* _Prompt_
From top to bottom, return the listing exactly as it appears, omitting its images.

* _Dataset content_
::::::::

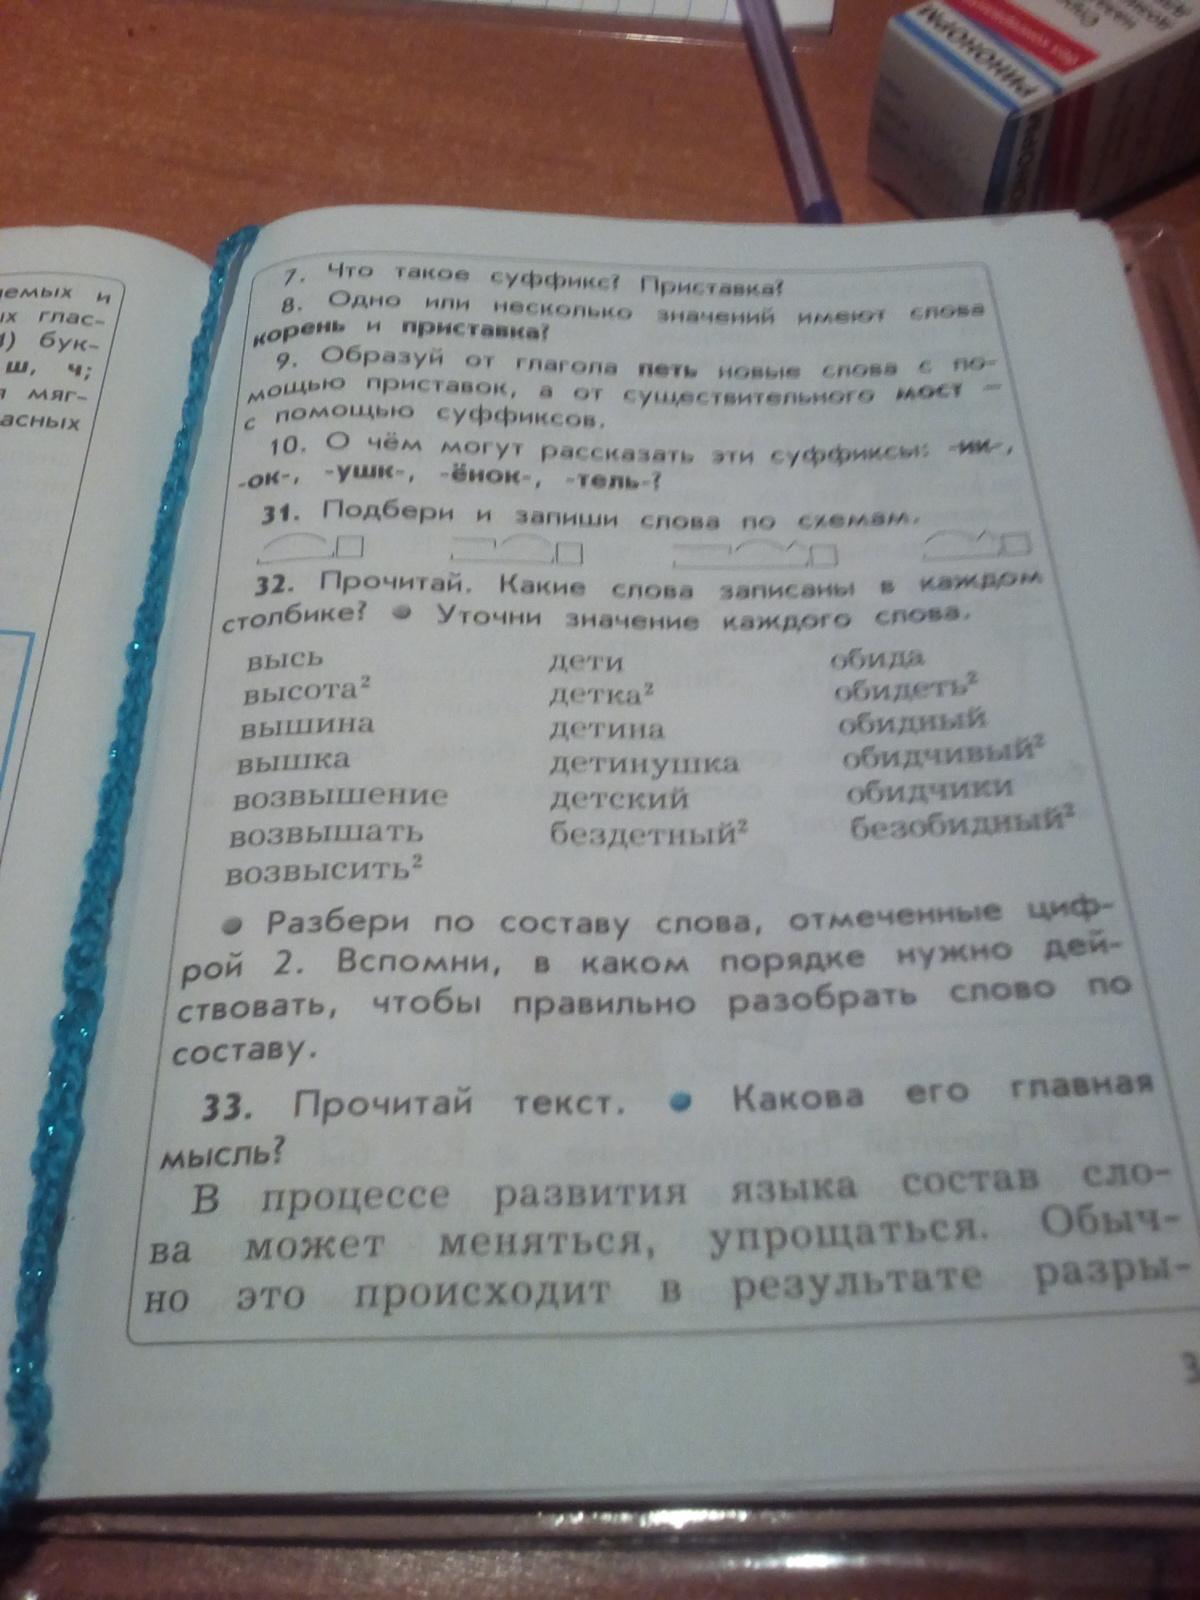 razbor-slova-po-sostavu-razdvigaya
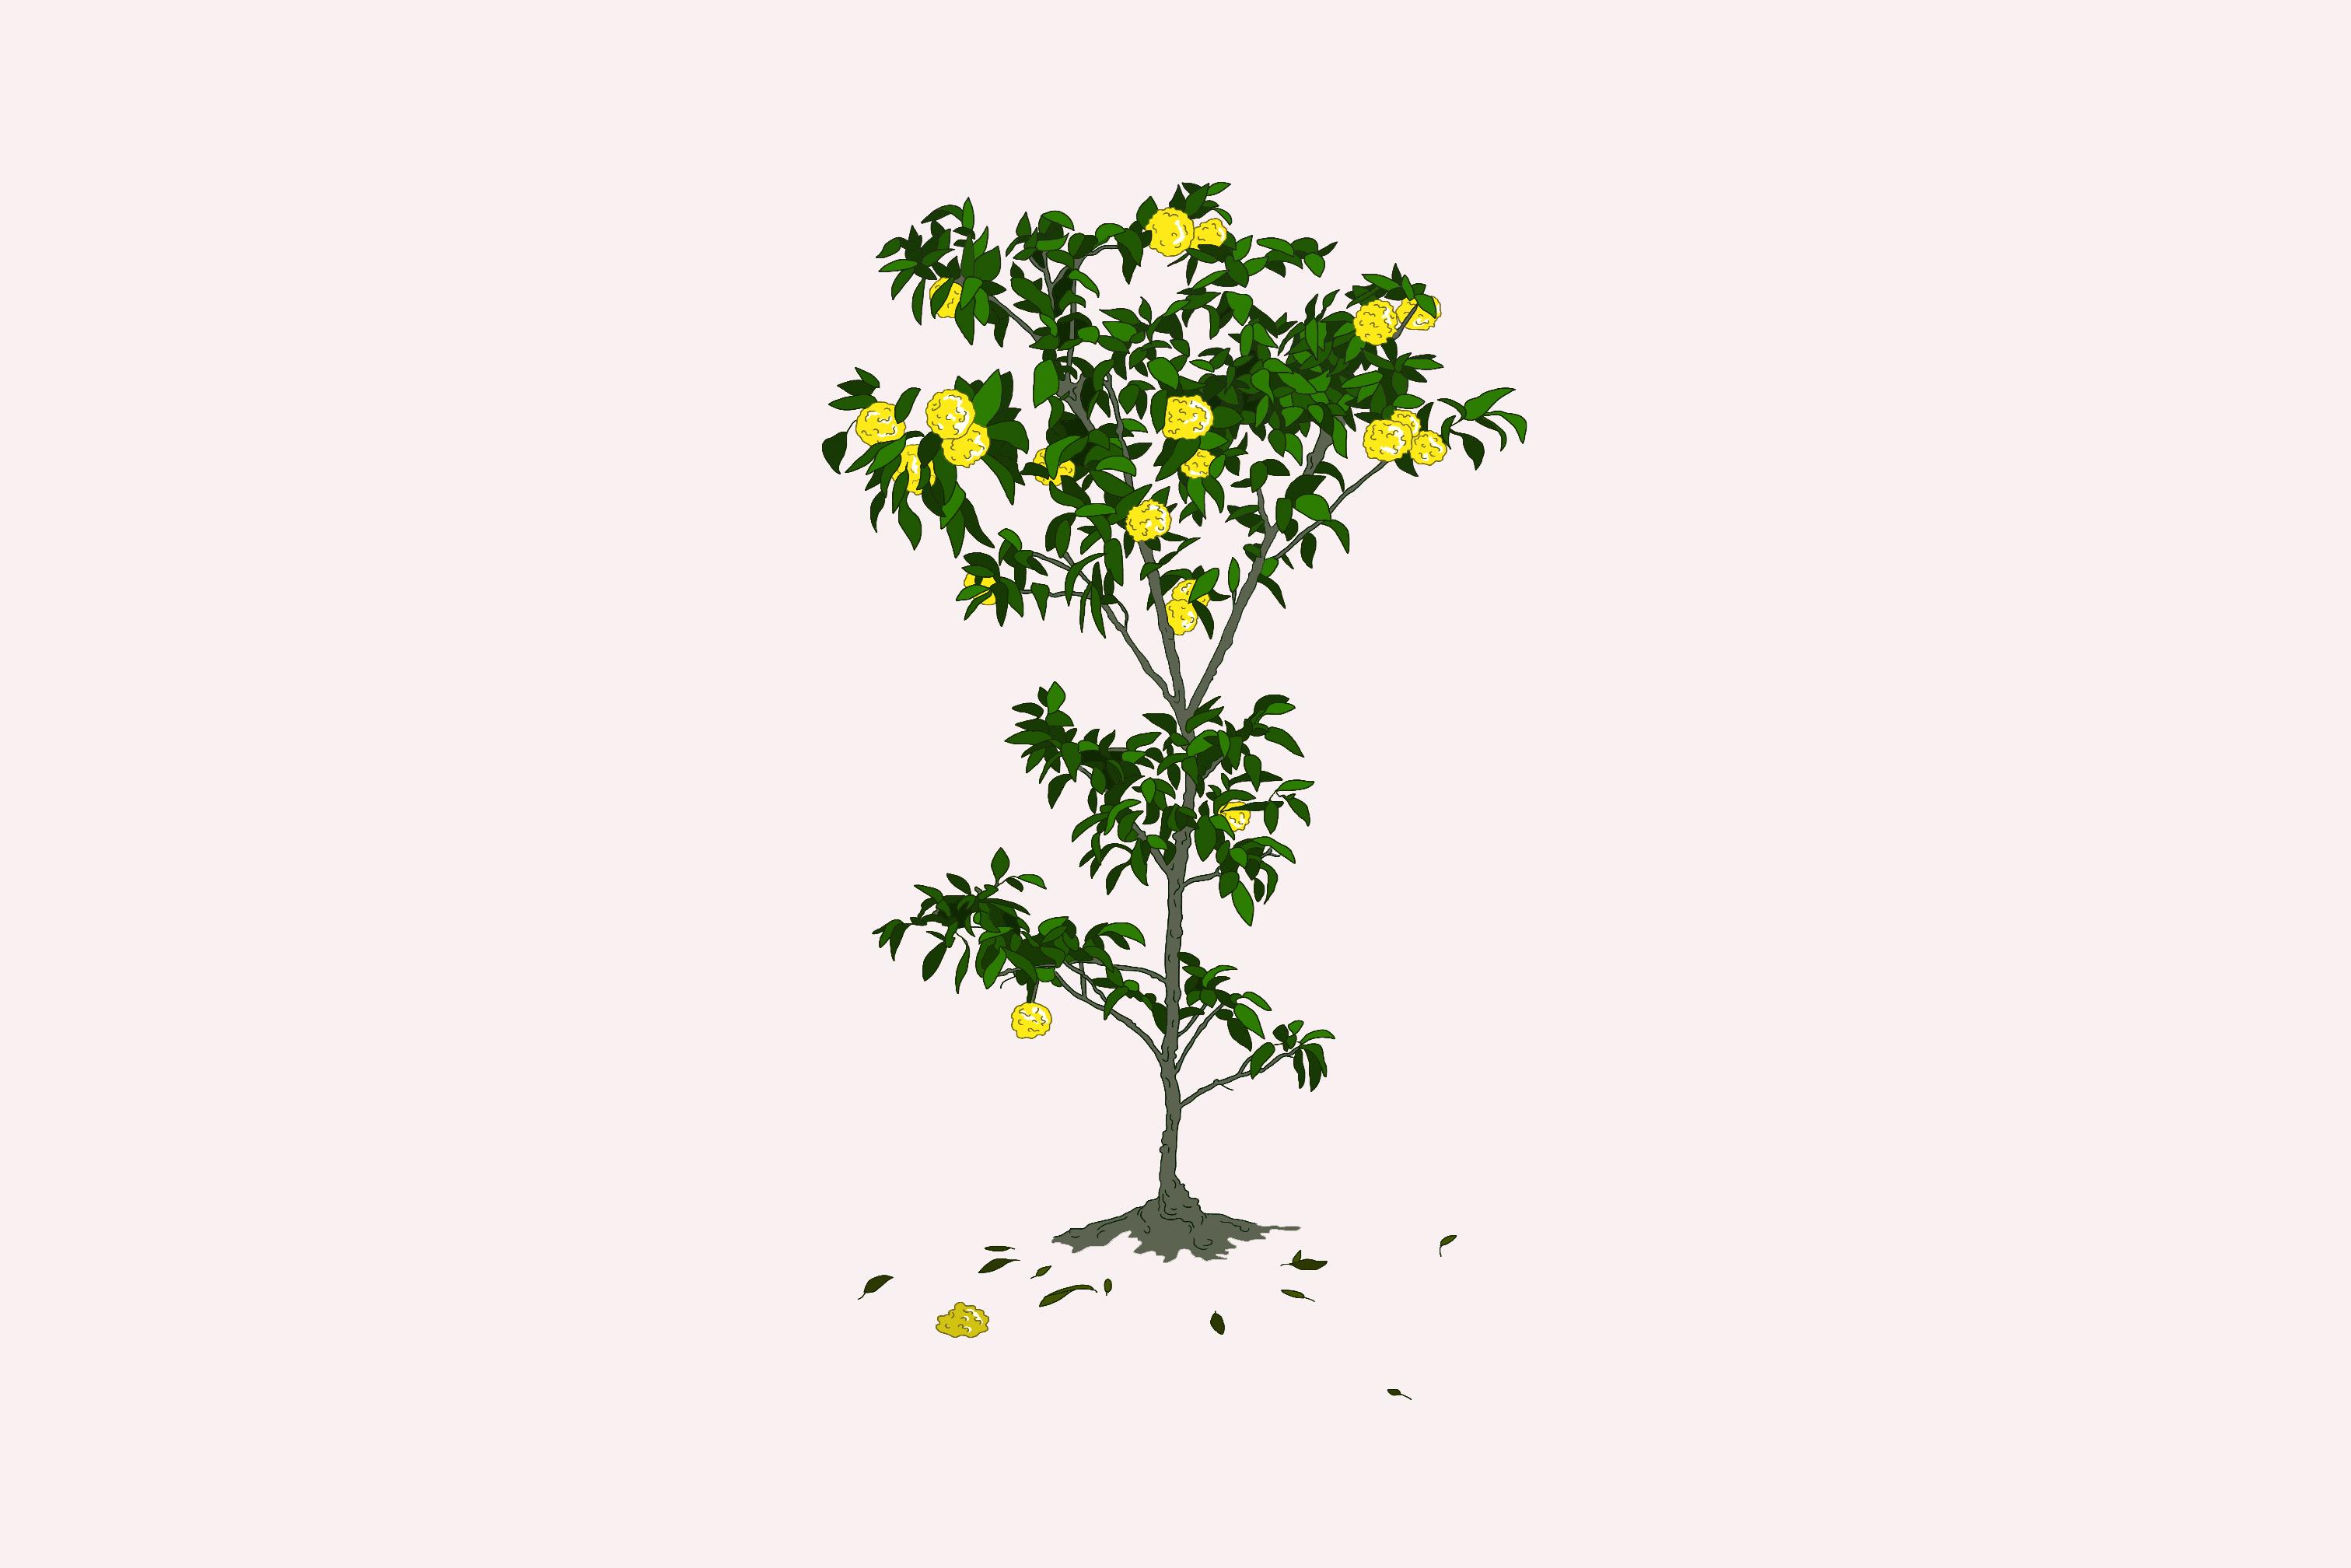 arbre-yuzu-1454864906.jpg
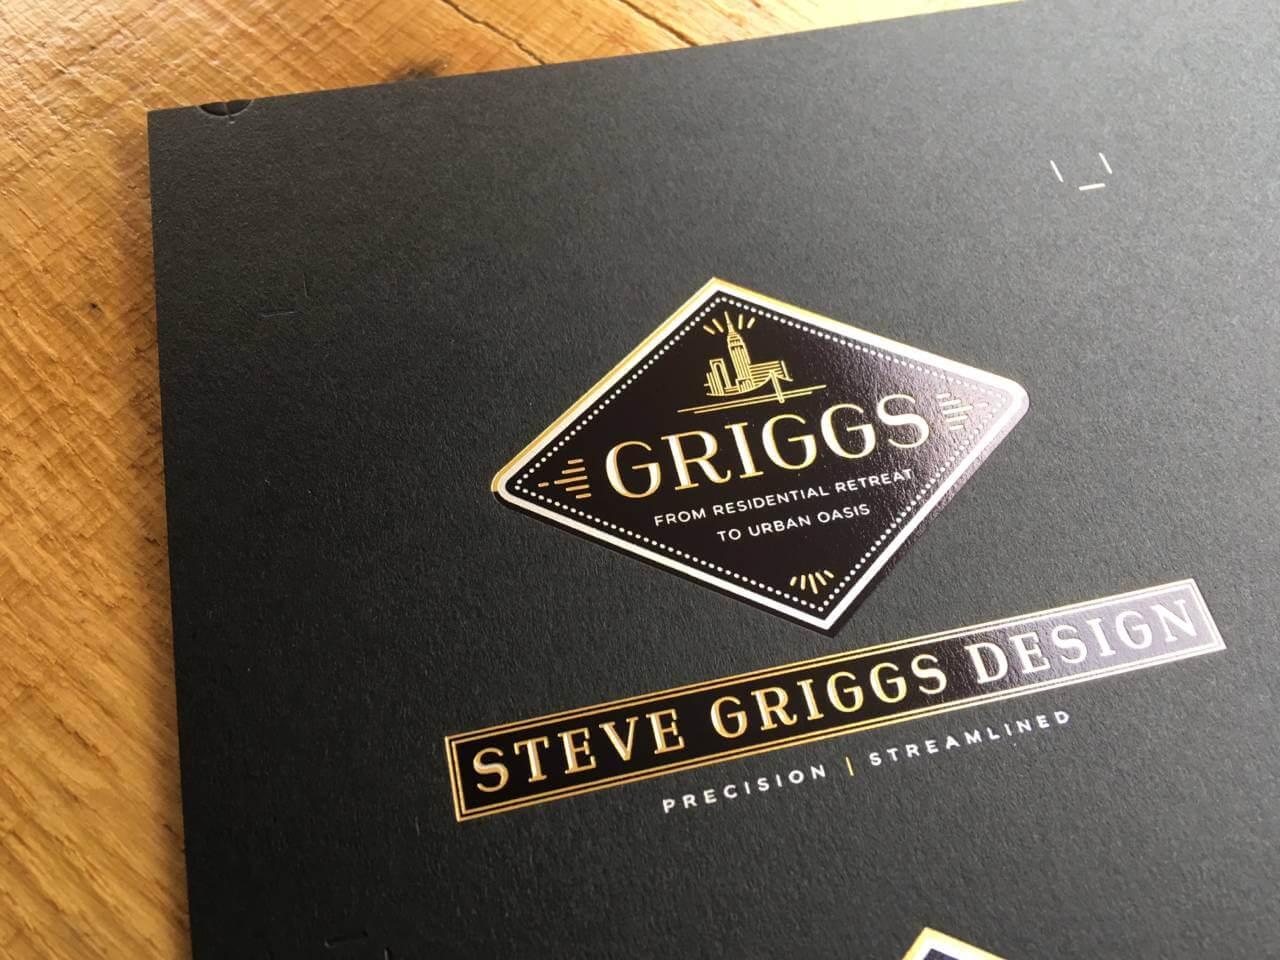 Rebranding of Steve Griggs

::::::::

* _Result_
 razbor-slova-po-sostavu-razdvigaya
 arbre-yuzu-1454864906.jpg
 Rebranding of Steve Griggs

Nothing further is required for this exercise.